I do have to agree with the person who suggests it gets off to a bit of a pedestrian start which requires some perseverance, and someone else who thinks the translation's a bit wooden, whilst I'm nodding in agreement about the rather odd product placement references often very in depth... I could probably build my own Mac computer now with bits we've got in the shed.
Someone else reckons money and favours have changed hands to get the ecstatic cover quotes (which of course I couldn't see on my e reader) whilst one poor soul of the 70 x 1* cohort couldn't get the hang of the Swedish place names and thinks the whole lot should have been relocated and the names changed to English.
Lisbeth Salander the heroine comes in for some stick for being so...well so thin and stick-like and so clever, the world's best hacker and apparently one step away from 'wish fulfillment' according to the person who had wanted it all relocated to Wiltshire or somewhere. Someone else found gaping holes in the plot and left it on the bus rather than carry it an inch further and then felt bad that whoever finds it will also lose several hours of their life discovering likewise, whilst another suggestion was that Enid Blyton contained more reality than this, though for the little I know about sado-masochism and sociopaths, those bits seemed as real as anything Noddy and Big Ears could conjure up.
So you can see I'm a little torn because I suspect The Girl With the Dragon Tattoo might be one of those books, a bit like Dan Brown's The Da Vinci Code, which readers who take themselves seriously and want others to do likewise should steer clear of. There must be diatribes about poor writing, and absent editors who should have lopped off 200 pages at least, then we must bemoan the demise of the nation's reading standards if everyone's giving this 5* when it's so clearly rubbish...except thankfully I'm not any of those so I can tell you unashamedly that I really enjoyed it.
Never has the train arrived in Paddington quite so fast before, never have I been sneaking a few more pages on the platform and then a few more between tube stops, never have I felt slightly sick at the thought that the battery might run out on the e reader and where would that leave me on the journey home, and never have I arrived home and turned my back on a book I am loving (Romantic Moderns) in order to switch the e reader on and finish this one first. I wouldn't give it 5* but nor would I give it 1*, anything that gets me to London and back and doesn't send me to sleep is good enough for me and the e reader perfect for the book you might not want to keep on the shelves.

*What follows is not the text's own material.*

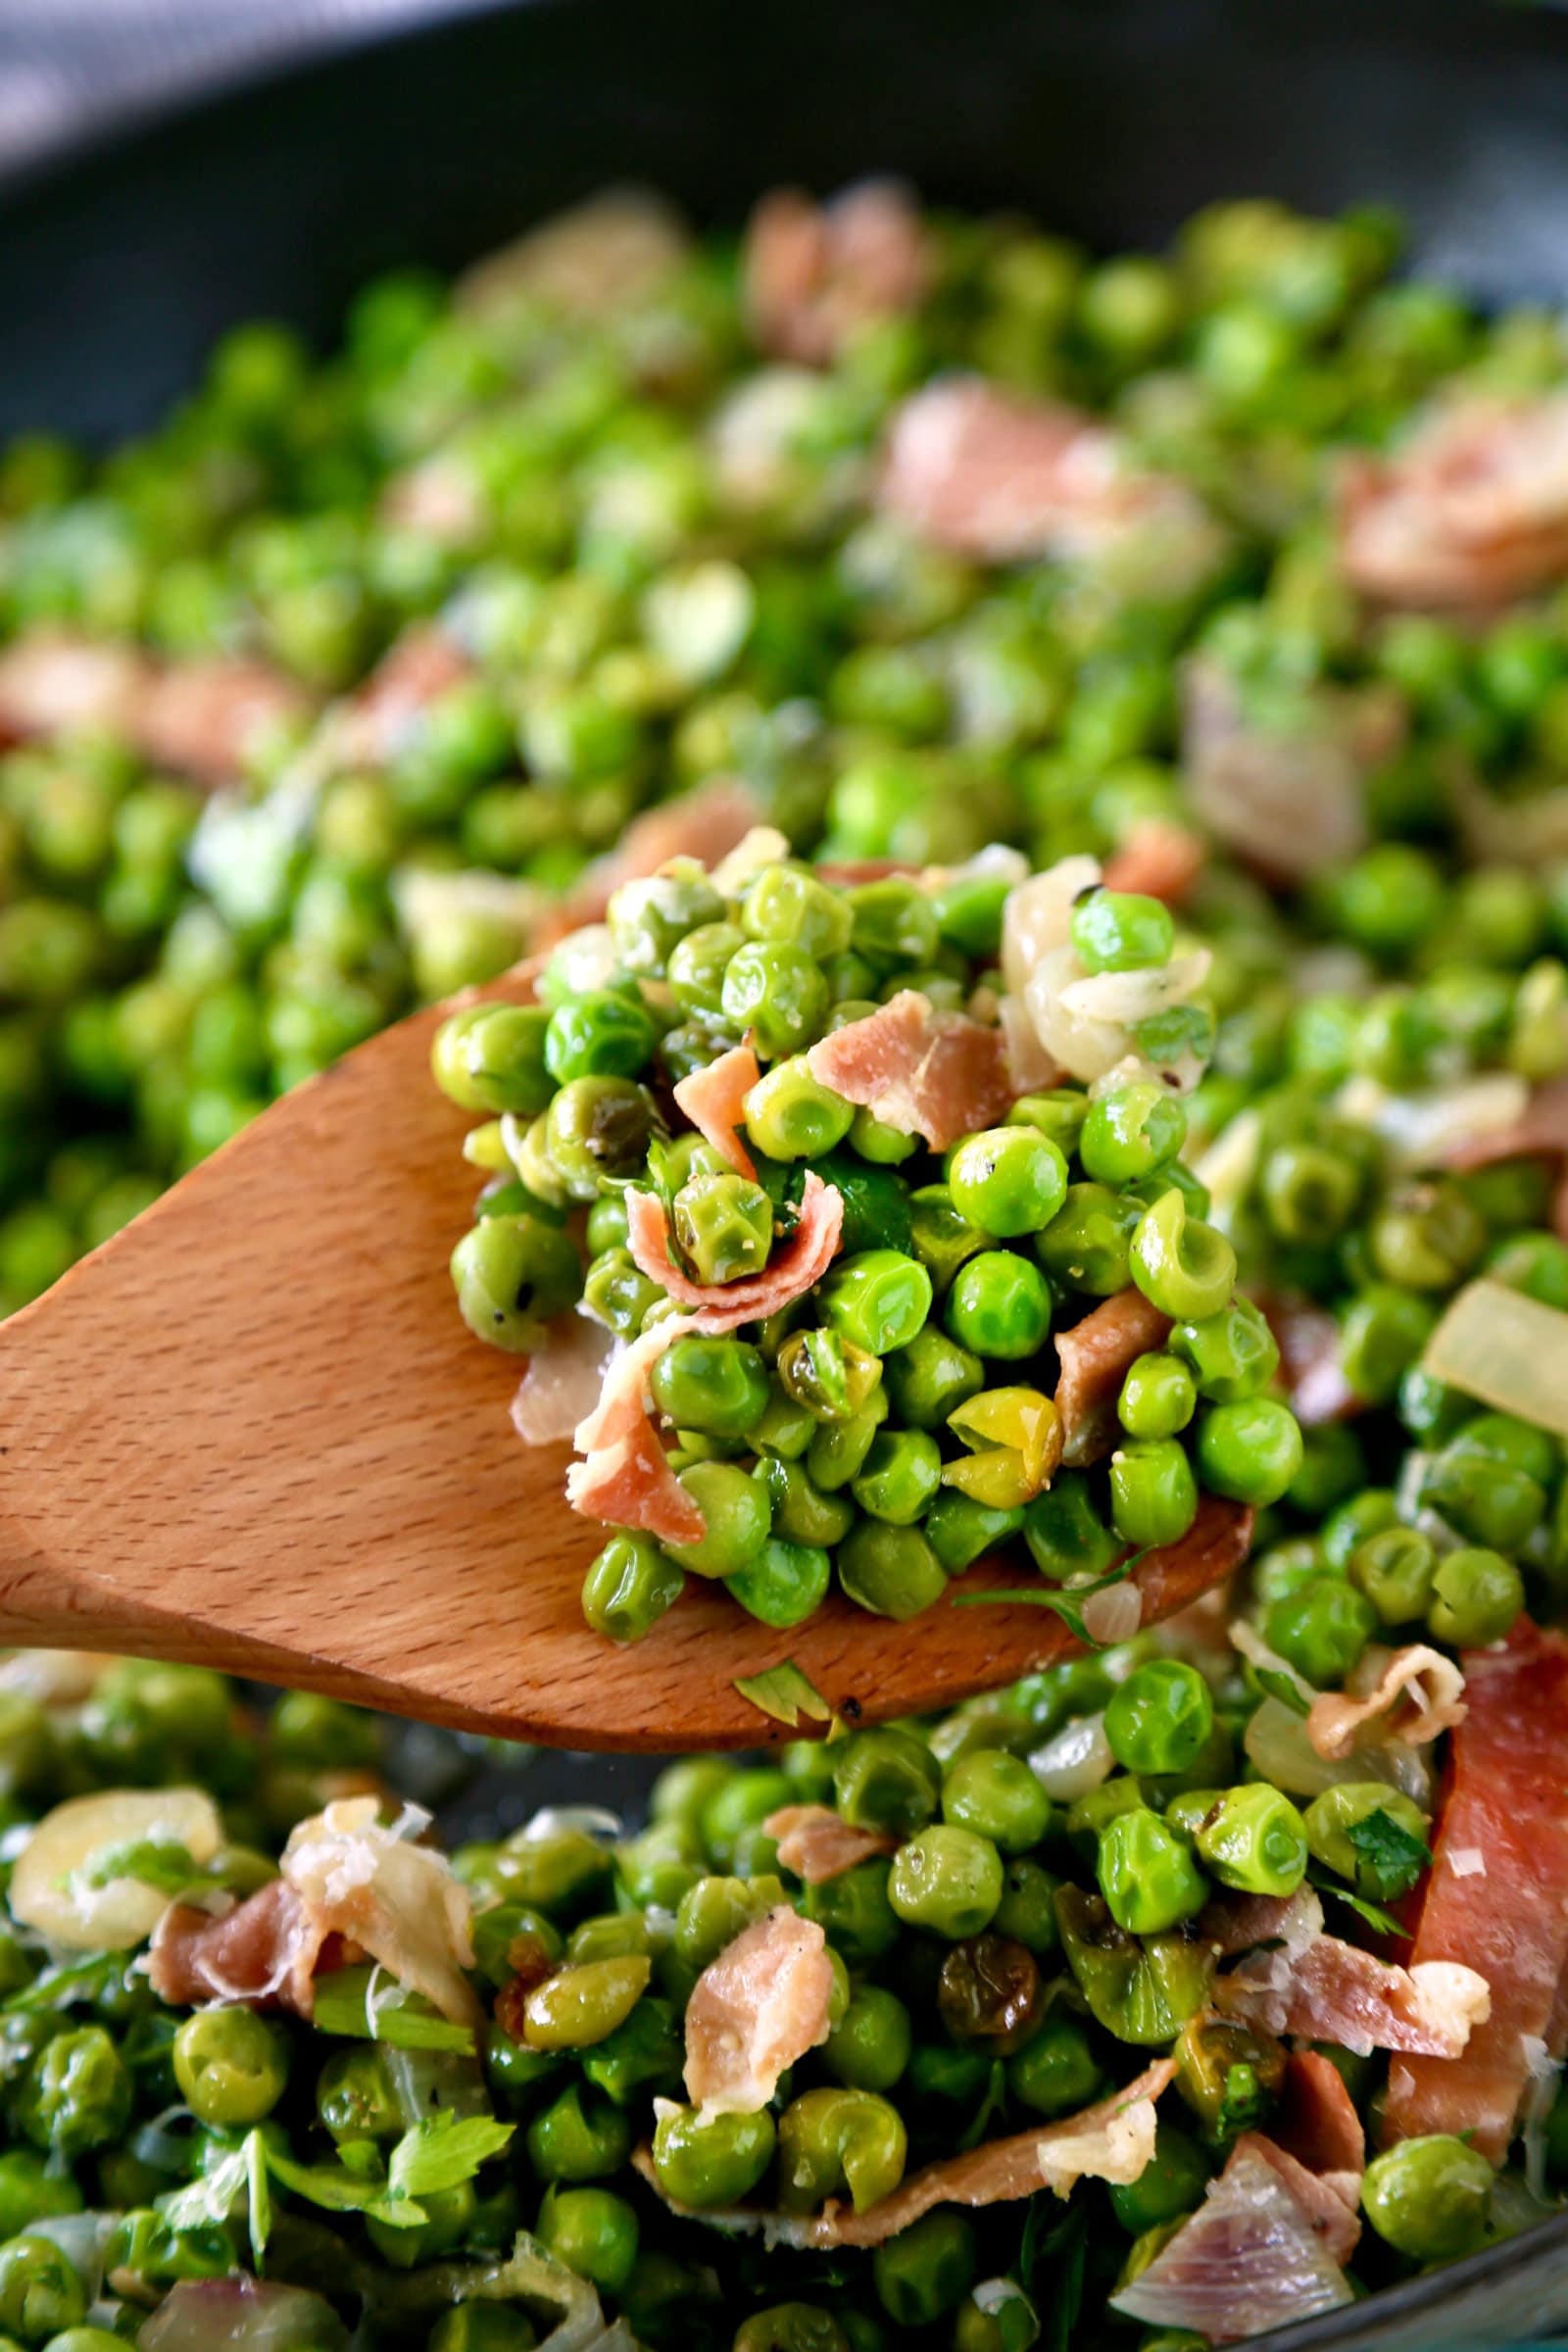 Sautéed Peas with Shallots and Prosciutto | An easy, go-to side dish that's made in just 15 minutes and uses 7 ingredients!  Perfect for a weeknight meal or fancy holiday feast! | https://www.thechunkychef.com | #peas #side #sidedish #prosciutto #holiday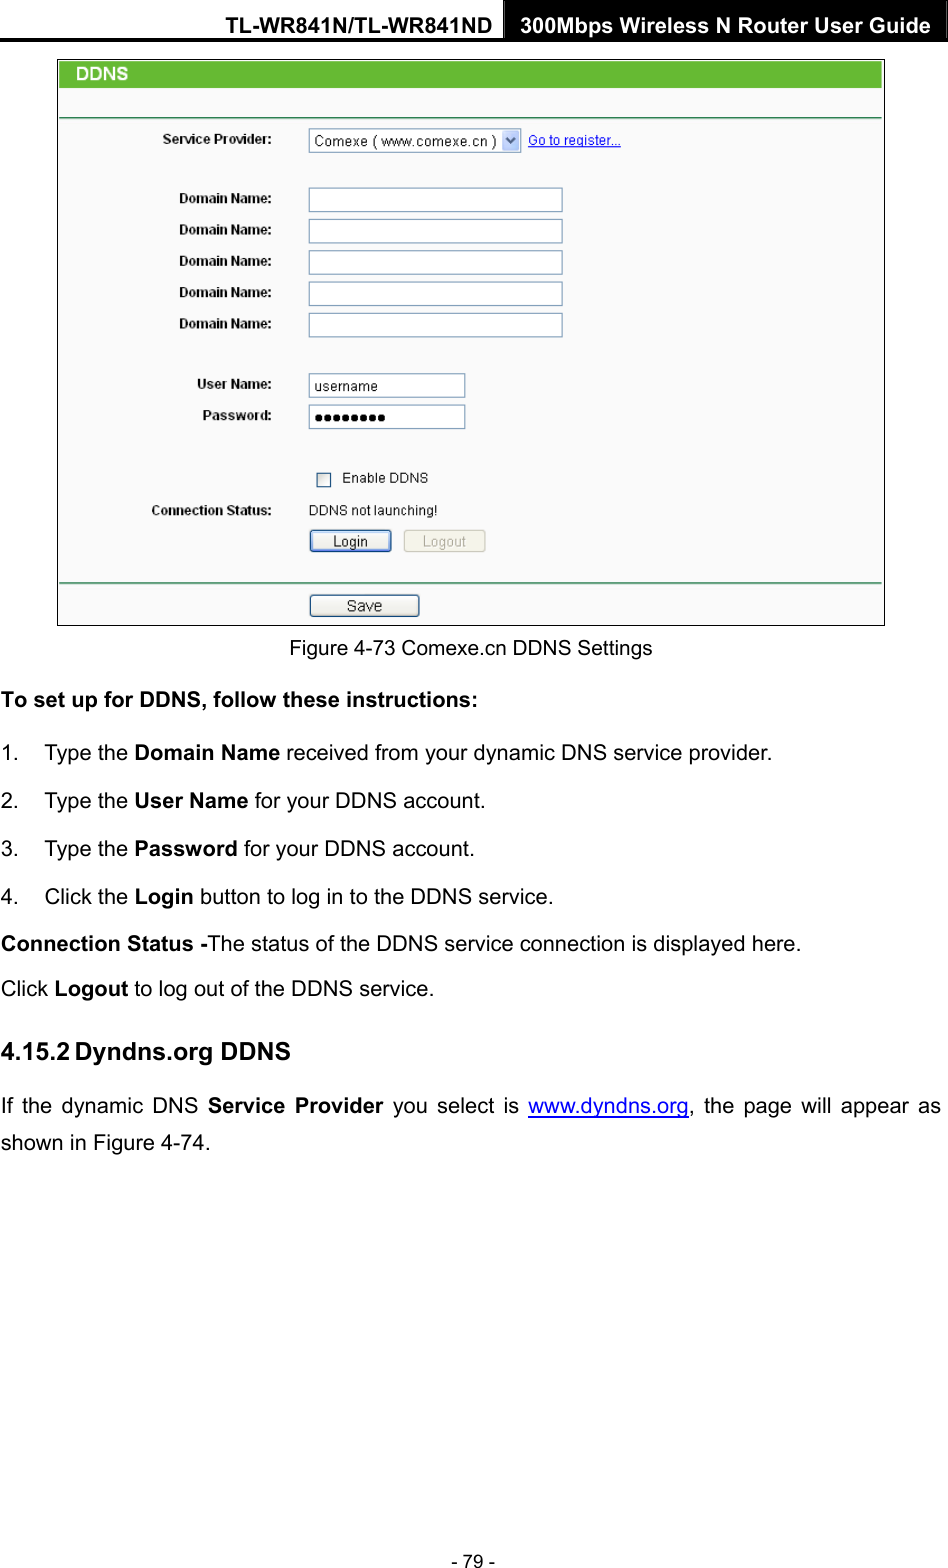 TL-WR841N/TL-WR841ND 300Mbps Wireless N Router User Guide - 79 -  Figure 4-73 Comexe.cn DDNS Settings To set up for DDNS, follow these instructions: 1. Type the Domain Name received from your dynamic DNS service provider.     2. Type the User Name for your DDNS account.   3. Type the Password for your DDNS account.   4. Click the Login button to log in to the DDNS service. Connection Status -The status of the DDNS service connection is displayed here. Click Logout to log out of the DDNS service.   4.15.2 Dyndns.org DDNS If the dynamic DNS Service Provider you select is www.dyndns.org, the page will appear as shown in Figure 4-74.

By the way, what do you think...I'm considering buying a Kindle. With apologies to Sony, Amazon are streaking way ahead with this thing, a far greater selection of books and all much cheaper than Waterstones, and whilst I know all this is really exercising the publishers at the moment it's a question of basic economics out here and needs must. Whilst never replacing books, to my complete surprise the e reader has slowly but surely become intrinsic to my reading life and I wouldn't be without it.